Iran’s Latest American Hostages: Is a Deal in the Works?

COMMENTARY Terrorism

Iran’s Latest American Hostages: Is a Deal in the Works?

May 25, 2010 2 min read
COMMENTARY BY

Former Visiting Fellow, Allison Center

James Phillips was a Visiting Fellow for Middle Eastern affairs at The Heritage Foundation.

Three American hikers who apparently strayed across Iran’s border with Iraq have become pawns in Iran’s cynical game of foreign policy blackmail. Shane Bauer, Josh Fattal and Sarah Shourd have been held in prison since being arrested last July on a hiking trip, after Iranian officials alleged that they crossed the poorly-marked border. Last week their mothers were allowed to travel to Tehran to meet with their imprisoned children, a sign that Iran’s thuggish regime believes that its bargaining leverage will be enhanced by publicizing the hostages’ plight.

Iran’s Intelligence Minister, Heydar Moslehi, told reporters on Sunday that “It is clear that the three Americans are spies,” despite the fact that the hikers have not been formally charged and the Iranians have produced no evidence to support their unfounded accusations. If they are found guilty of espionage in Iran’s arbitrary judicial system, they could face a death sentence.

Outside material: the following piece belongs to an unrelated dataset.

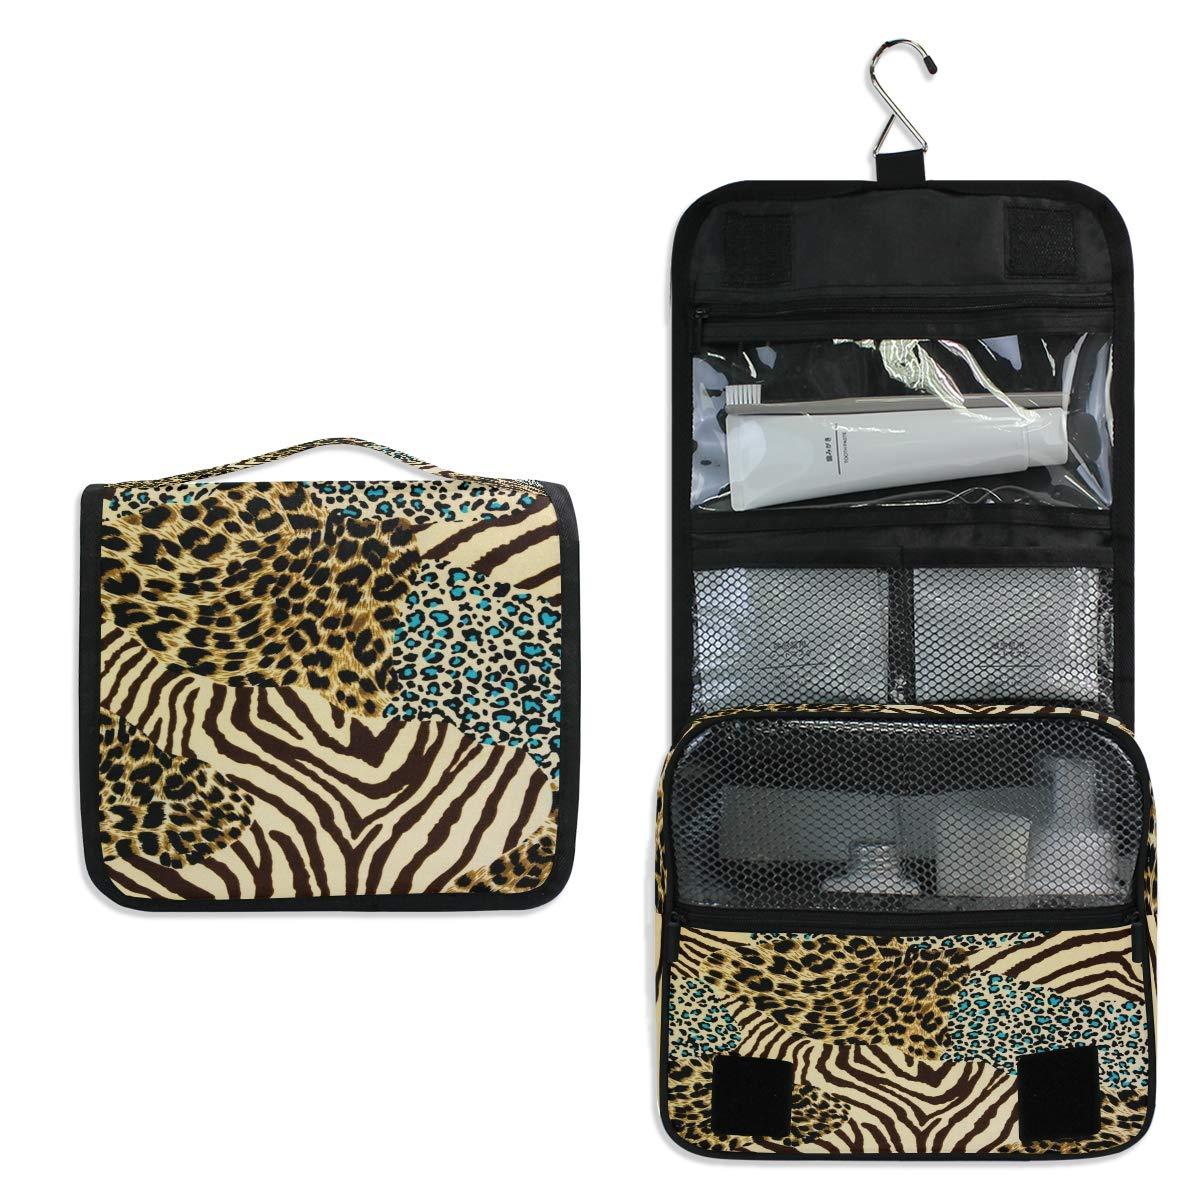 CCDMJ Hanging Toiletry Bag Animal Leopard Print Zebra Cosmetics Makeup Bags with Hook Portable Multifunction Travel bag Wash Bathroom Organizer for Women Girls

Moslehi and other Iranian officials have hinted at a prisoner swap and have produced a list of 11 Iranians that they say are in custody in the United States or in third countries. At least one of the Iranians is believed to have defected from the government during a religious pilgrimage to Saudi Arabia. Others have been jailed for smuggling arms or advanced technology to Iran.

Last September, Iranian President Mahmoud Ahmadinejad suggested that the three Americans could be released in return for the release of Iranians held in Iraq, who were Revolutionary Guards captured while posing as “diplomats.”

Secretary of State Hillary Clinton correctly rejected the idea of a prisoner swap in February. But the release of two Iranians in Iraqi custody last week, the day after the hikers’ mothers were allowed to see their children, has raised speculation about whether a backroom deal with Iran is in the works.

Taking hostages is a long-established tactic of Iran’s radical Islamist regime, which consolidated power in 1979 by exploiting the American hostages seized at the U.S. Embassy in Tehran. The three hapless hikers are only the latest in a long list of hostages that Tehran has taken, which also includes Robert Levinson, an American citizen who disappeared in Iran in 2007. History has shown that negotiating with Tehran to free hostages has encouraged it to take further hostages. Let’s hope that the Obama Administration is not going down that road again.